Je ne saurais parler pour Une Voix, ni pour vous, mais pour ma part j’ai déjà mis des années à franchir l’étape d’oser dire que je voulais écrire, d’oser prétendre à jouer dans cette cour. Cool, je l’ai dis, je l’affirme encore plus, rien qu’aujourd’hui, ici, dans cet article. OK. Mais ça ne me fait toujours pas écrire, ni mon roman, ni la moindre biographie, ni le recueil à demi commencé ou à demi achevé qui dort dans un placard. Alors j’en viens à me demander pourquoi je n’écris toujours pas, et plus utilement, comment me mettre à écrire ? Et allez savoir, peut-être que mes réponses à mes interrogations pourrons vous servir, à vous !

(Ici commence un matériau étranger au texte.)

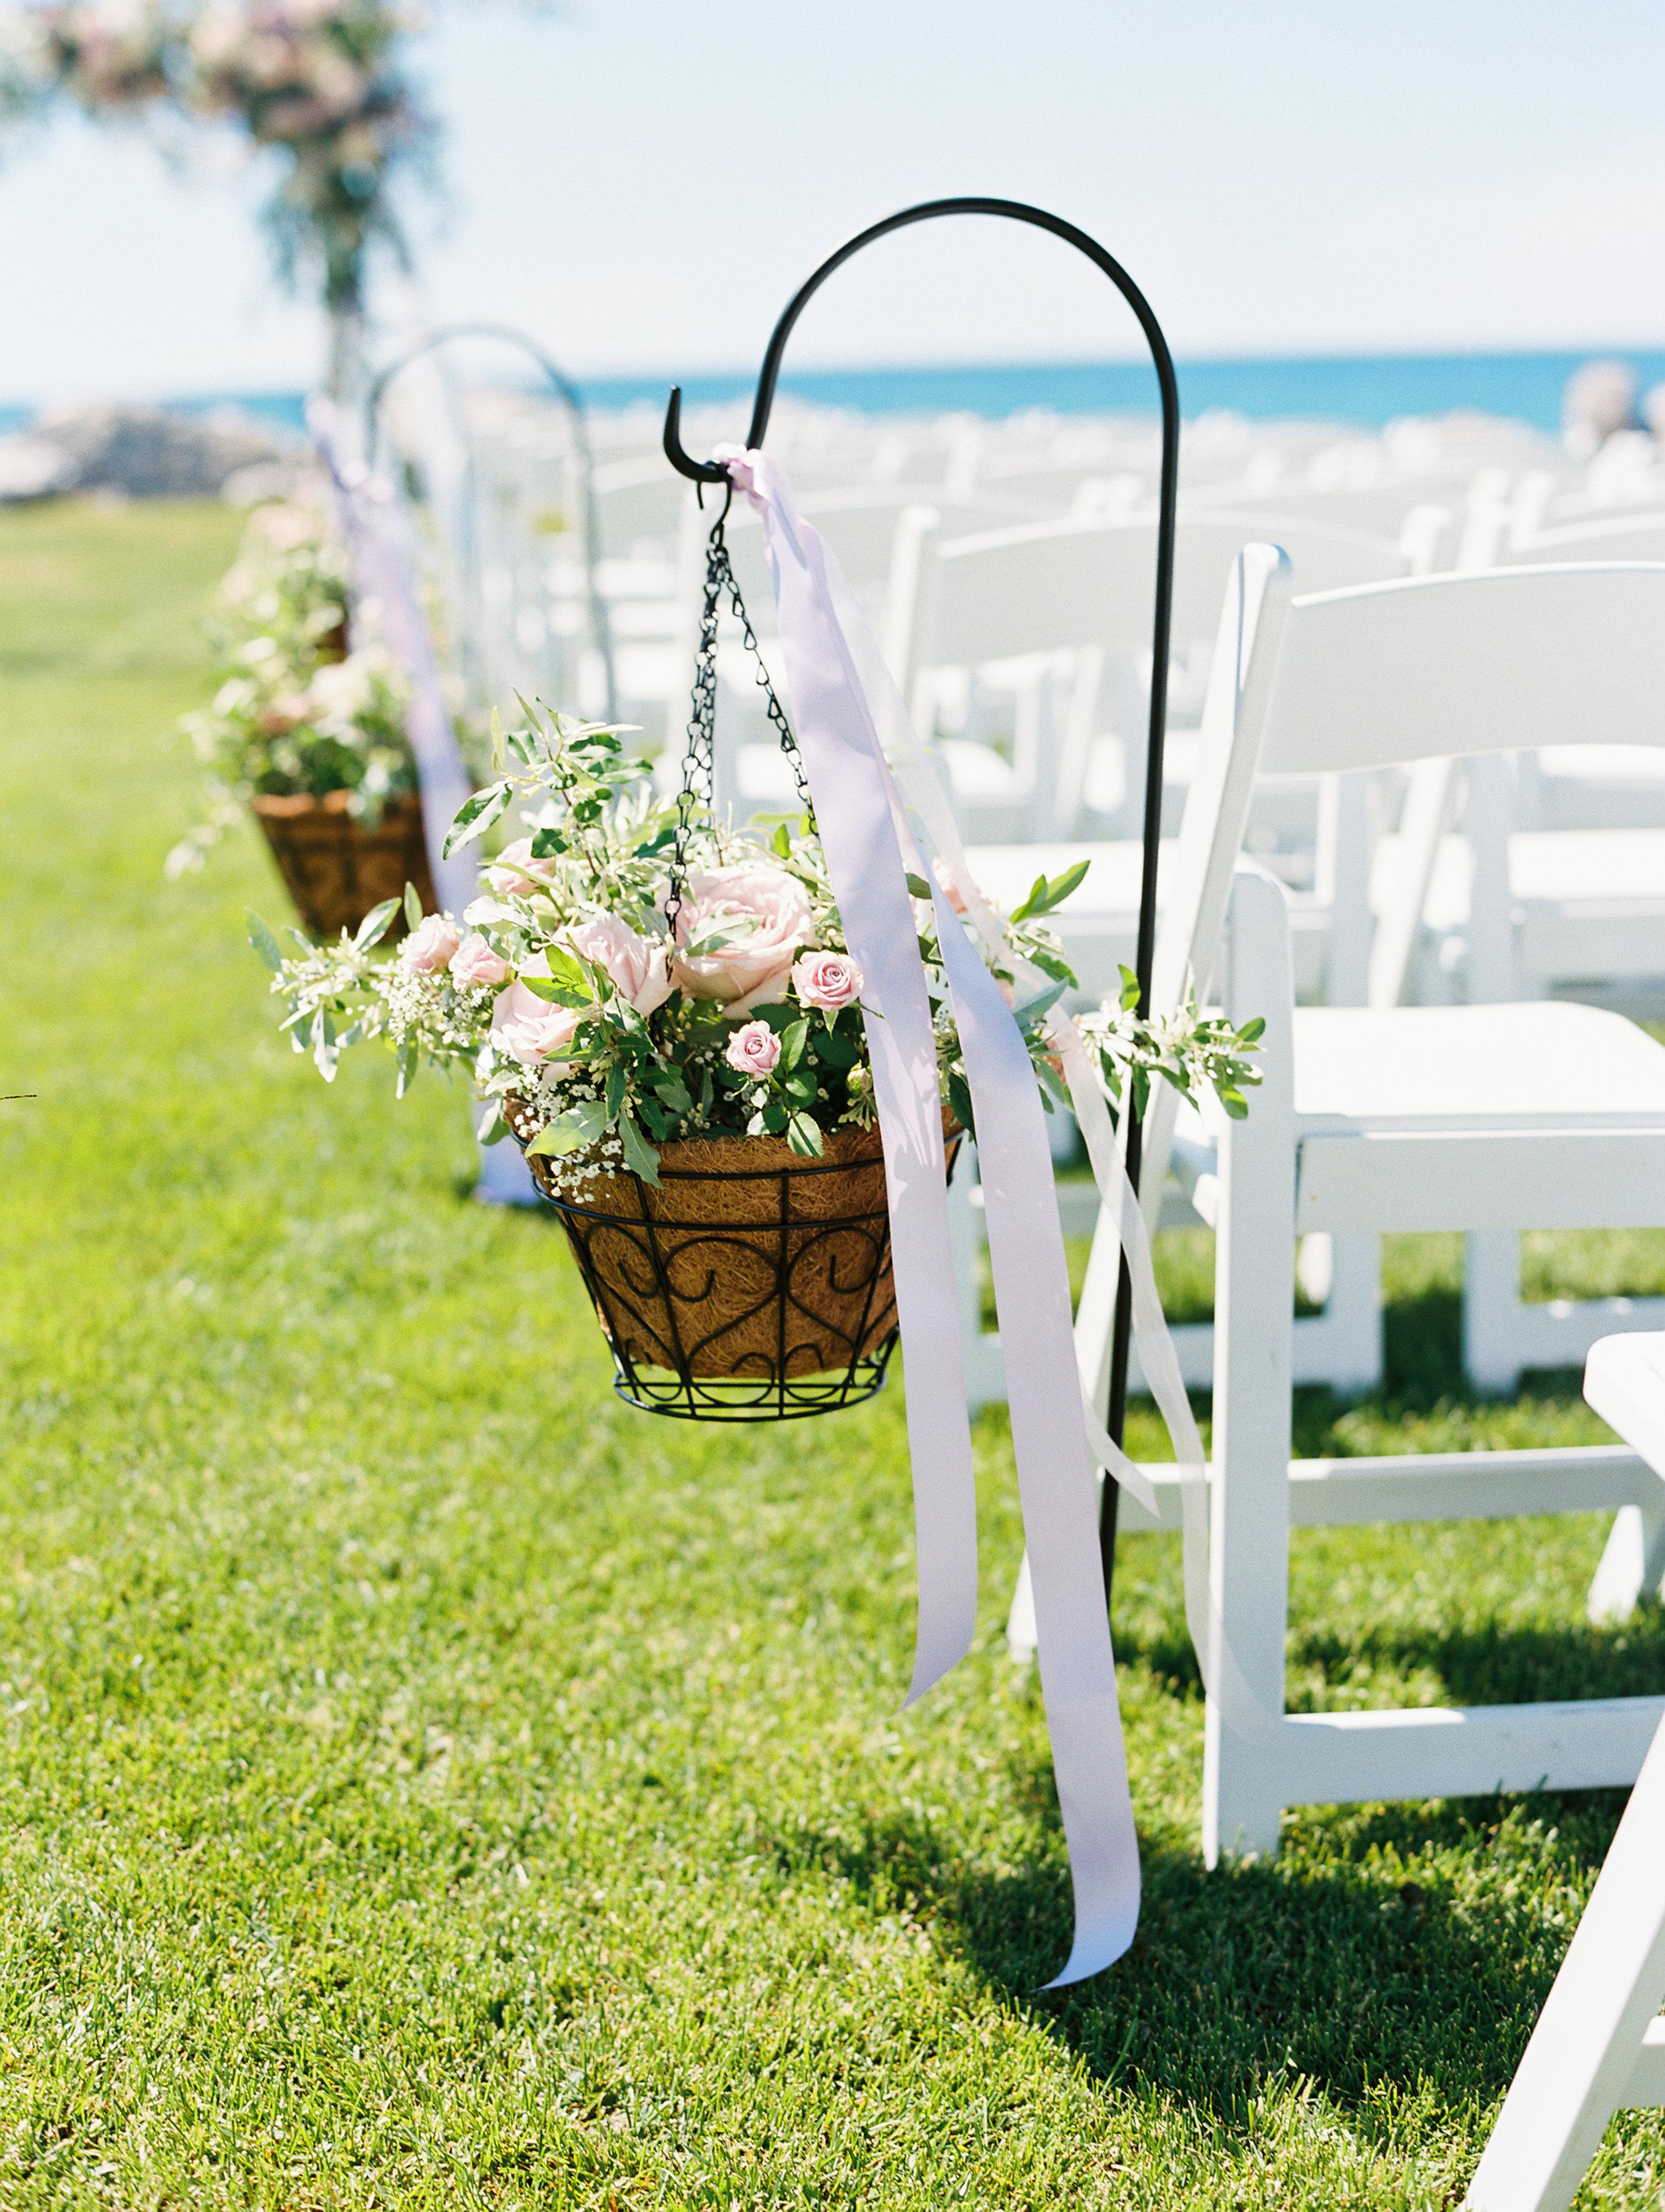 Noss+Wedding+Ceremony-2.jpg
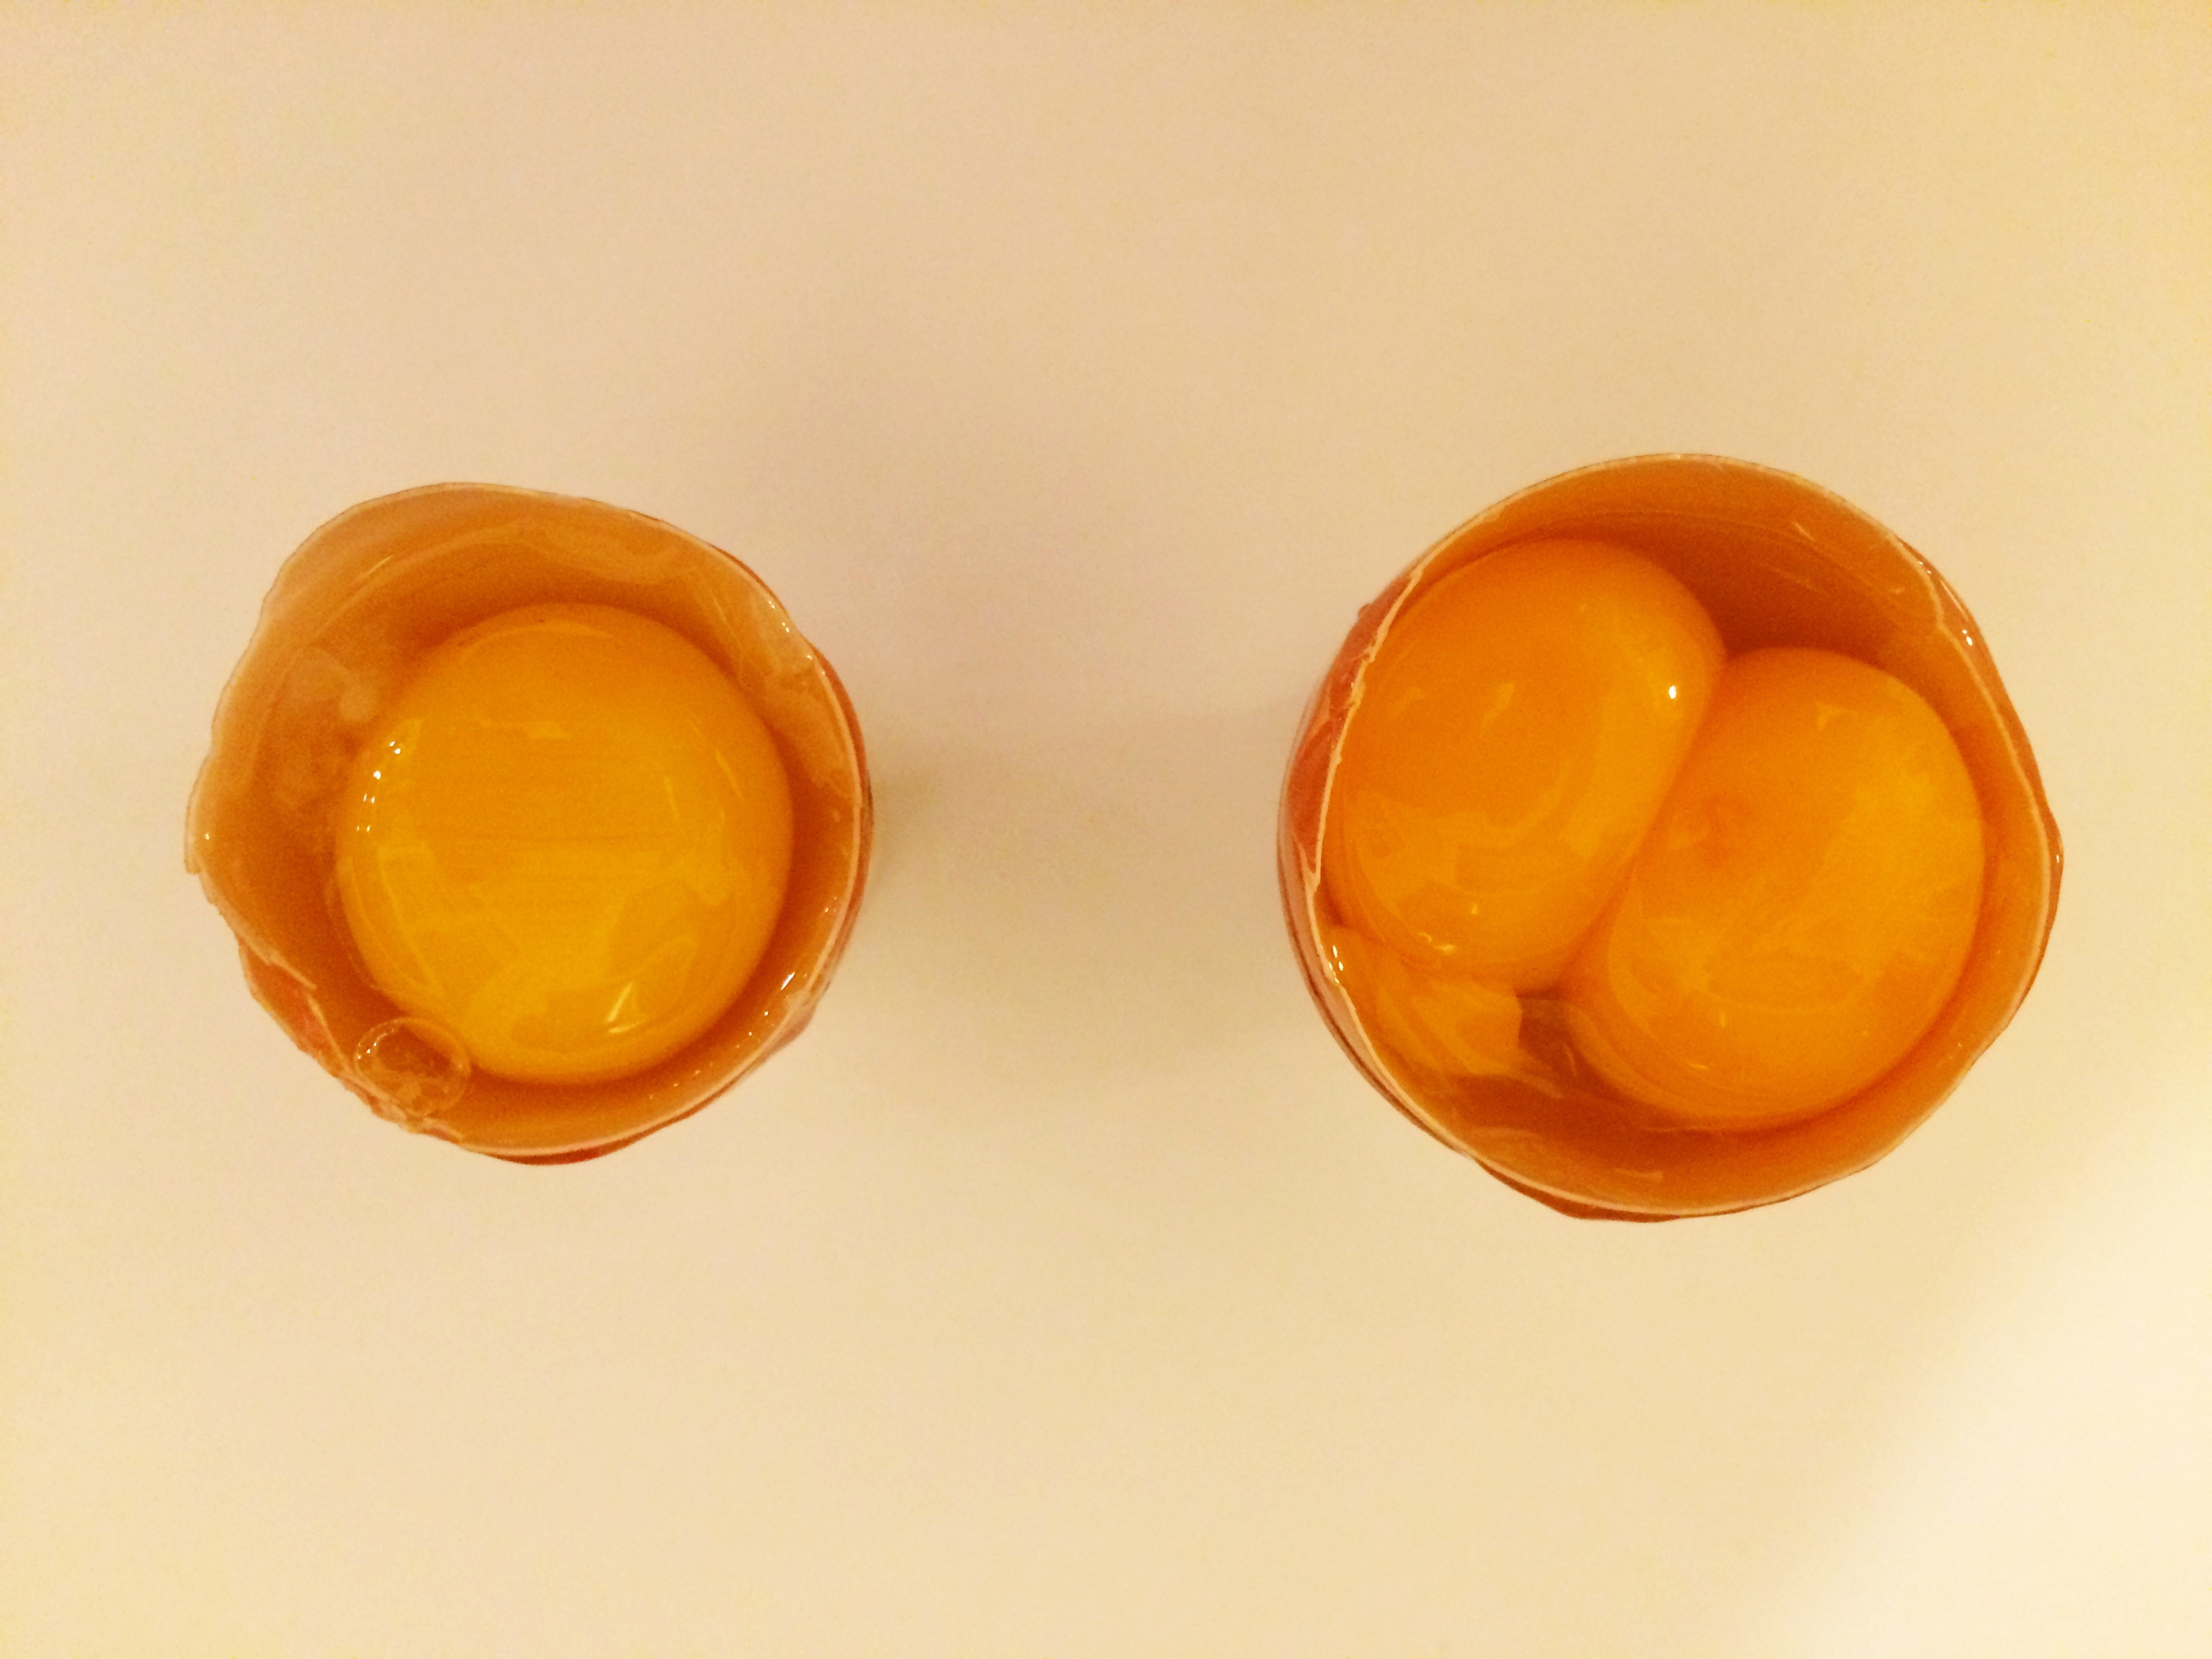 wiki egg as food upcscavenger

Je ne saurais parler pour Une Voix, ni pour vous, mais pour ma part mon excuse favorite (et je parie que c’est aussi celle d’Une Voix, voire la vôtre) pour justifier que je n’ai toujours pas écrit est que : je n’ai pas le temps (là, vous voyez, vous aussi !). Excuse facile, légère, même gratifiante dans notre société où l’action est louée, où ces personnes affairées nous paraissent plus efficaces que celui qui a l’air d’avoir tout son temps. Parlons donc du temps. Le temps est le même pour Une Voix, pour vous et pour moi. Nous avons tous vingt-quatre heures dans notre journée, comme Stephen King, Jean d’Ormesson, Marc Levy, Marguerite Duras, Mathieu Rougeron, Robin Hobb, comme tout le monde. Le temps est fixe. La seule variable entre nous est le nombre de jours total que nous aurons passé dans notre manifestation physique sur cette terre. Et cette variable là, peu d’entre nous savent à l’avance quelle est sa valeur, nous l’ignorerons donc dans l’équation (ah ces séries de livre si agréables à lire et dont la fin voulue par l’auteur nous restera inconnue parce qu’il est parti avant d’achever son œuvre…).

Nous avons donc tous le même temps, ces mêmes heures qui s’offrent à nous, la variable n’est donc pas le temps, mais l’emploi du temps, au sens premier du terme : comment est-ce que vous, Une Voix et moi employons le temps que nous avons devant nous ? Une vieille publicité nous disait « la vie est une question de priorité ». C’est exactement de ça dont il est question. Vous n’avez pas le temps d’écrire, dites-vous ? Vous écrirez « plus tard », quand il y aura moins de boulot, quand la chambre sera refaite, quand les enfants seront grands, quand vous serez en congé maternité, quand vous aurez déménagé, quand les poules auront des dents, quand vous passerez à temps partiel, quand vous aurez les moyens d’avoir une femme de ménage, quand vous serez à la retraite, quand vous aurez rencontré l’âme sœur, quand vous aurez fini tel ou tel projet en cours, bref vous écrirez un jour, quand vous aurez plus de temps libre. Vous n’aurez jamais davantage de temps libre qu’aujourd’hui.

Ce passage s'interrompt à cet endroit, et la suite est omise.